A space to talk openly about weight loss journeys and challenges. Mumsnet hasn't checked the qualifications of anyone posting here. You may wish to speak to a medical professional before starting any diet.

My 9 yr old DD just admitted she thinks I'm fat

33 replies

fatpsychobitch · 19/08/2007 21:06

I am absolutely devastated.

I have issues with my weight, and wish that I was about 4 stone lighter and several dress sizes smaller, but I really didn't want my DD to be so aware of size and weight and stuff already.

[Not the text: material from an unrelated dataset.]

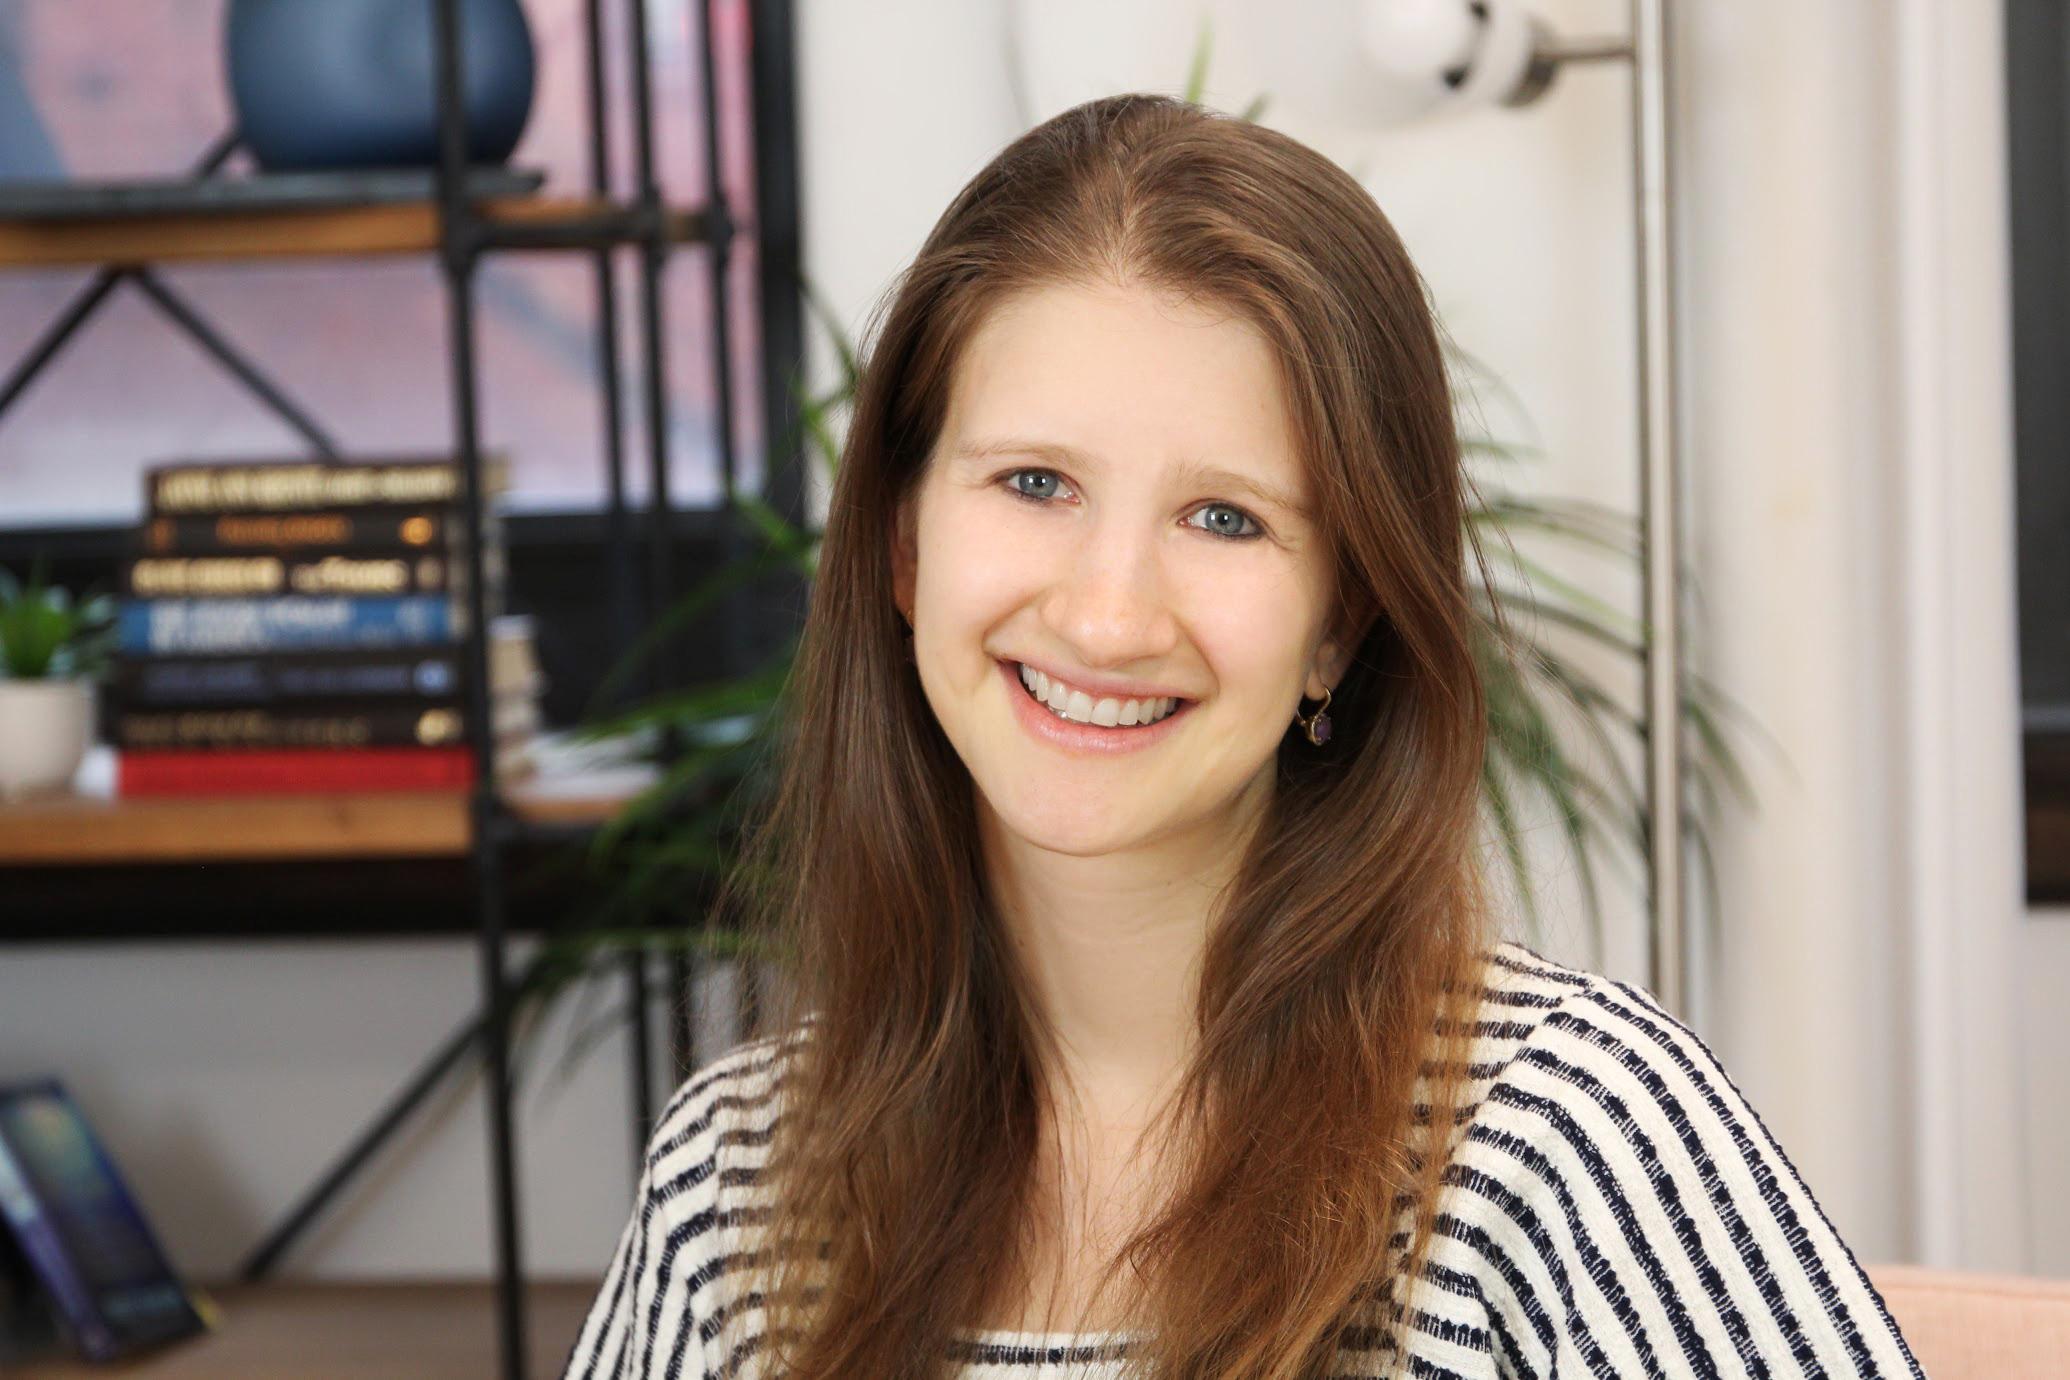 Sophie Kaye

Feeling so depressed and crappy and have been on antidepressants due to lack of self esteem for so long. This just feels like the final nail in the coffin.

OP posts:
fatpsychobitch · 20/08/2007 16:12

I actually have a gym membership (was free) and I try to go there a few times a week, but I am just so tired all the time at the moment (have just had a blood test to see if there is a medical reason but I doubt it).

Am a childminder so have lots of days at the park and stuff, weather permitting. But I live in a very hilly area and pushing the double pram to the shop and back nearly kills me, and with 3 toddlers is difficult to walk too far anyway as one of them has to walk and it takes forever.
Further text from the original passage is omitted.